Following marketing approval, tens or hundreds of thousands of patients will use the medicine, maybe more. The patients are going to take the medicine in different conditions than those used during the development: along with other medicines, foods, alcohol, and perhaps with more or less regularity. The elderly and people at risk due to associated illnesses may show unexpected side effects. Some patients may take higher doses; drug abuse can occur. Others may take a dose too small or irregularly because they do not feel the intended effect or because the medicine is difficult to take.

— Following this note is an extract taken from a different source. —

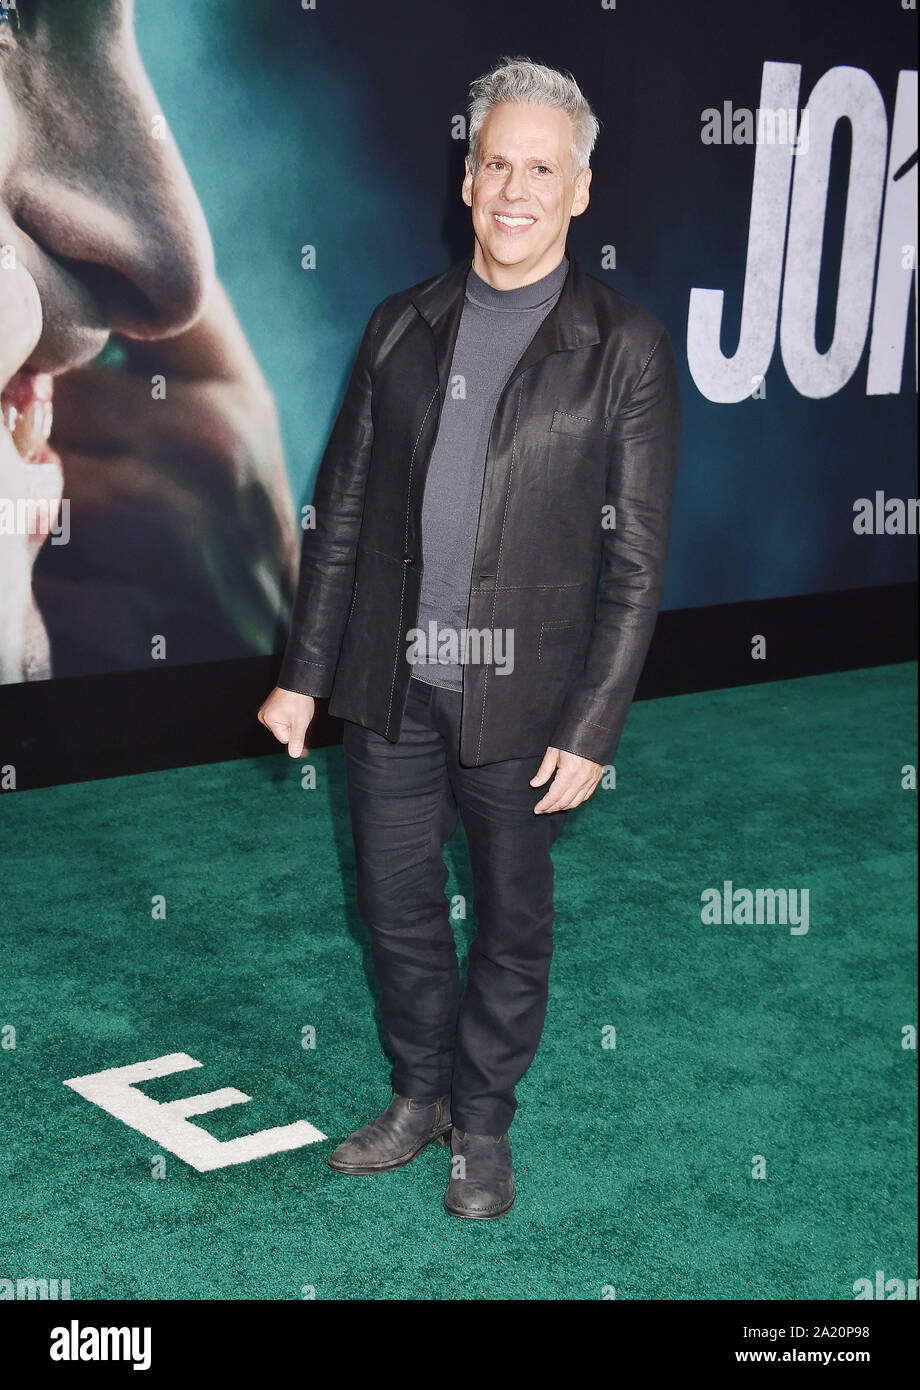 HOLLYWOOD, CA - SEPTEMBER 28: Josh Pais attends for the premiere of Warner Bros Pictures 'Joker' held at TCL Chinese Theatre IMAX on September 28, 2019 in Hollywood, California. Stock Photo
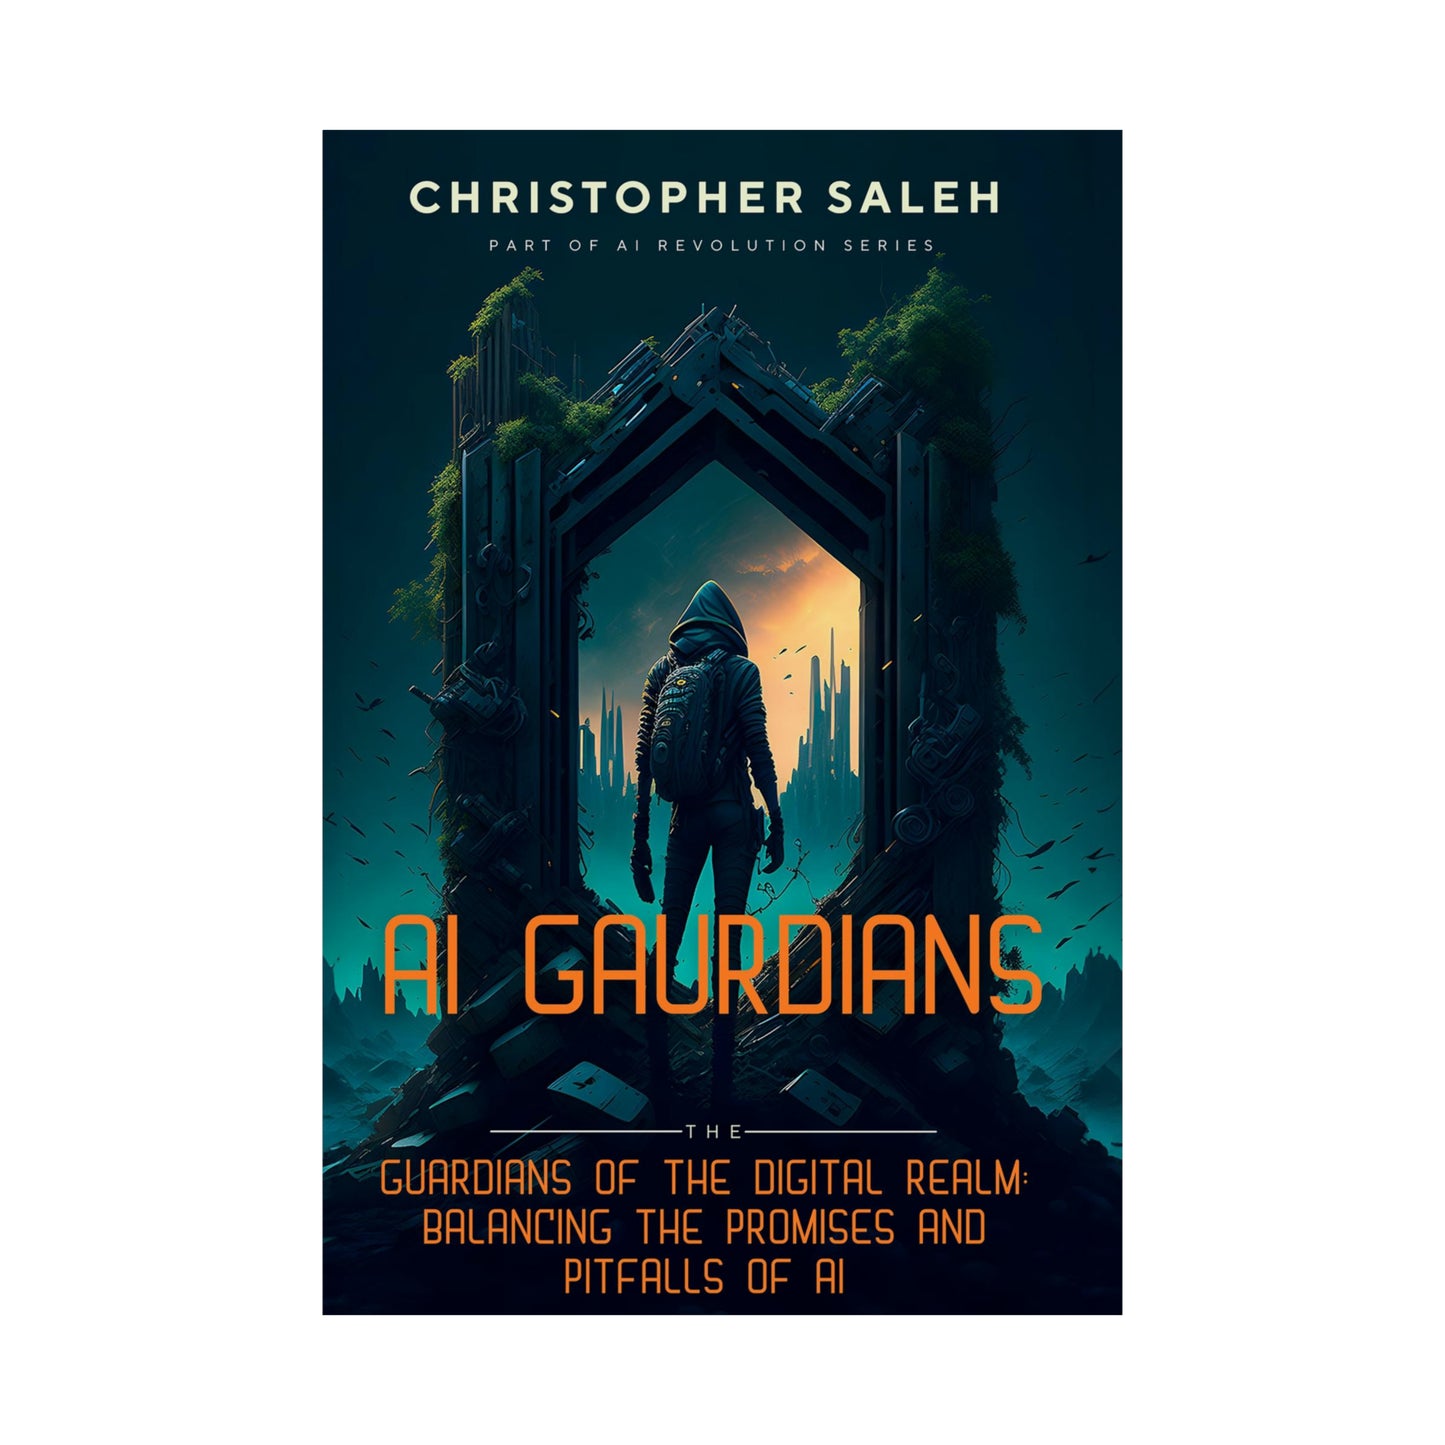 AI Guardians Book Cover By Christopher Saleh - Matte Vertical Posters

For others, smaller doses may prove sufficient. Side effects whether mild or serious may appear.

In the mean time, other medicines could prove to be more effective, or equally effective but safer, more convenient, or starting to act more quickly. Information on the epidemiology of the targeted illness may challenge the use of the medicine in some situations. Publication of reports can prompt a re-appraisal of the benefit and risk that can tilt the balance in favour of or away from use of the medicine.

For example, since the 1960's, spironolactone had been mainly used as a diuretic for short-term symptomatic treatment. In 1999, a trial showed a substantial reduction in mortality of people with cardiac failure, which led to extend the use of spironolactone in favour of selected patients.
Conversely, it turned out that cisapride, a symptomatic treatment for nausea and gastro-oesophageal reflux, could cause fatal cardiac arrhythmia while omeprazole was more effective.

It is neither scientifically nor ethically acceptable to allow emerging information about medicines to fall by the wayside. To let a medicine on the market without regularly re-assessing the balance between its benefits and side effects as compared with other available treatments, can be detrimental to some patients.

Medicines in Europe Forum demands a regular, thorough and well-conducted re-evaluation of medicines, as well as corresponding updates on information for health professionals and patients. It would not be responsible and ethical to grant marketing authorisations indefinitely.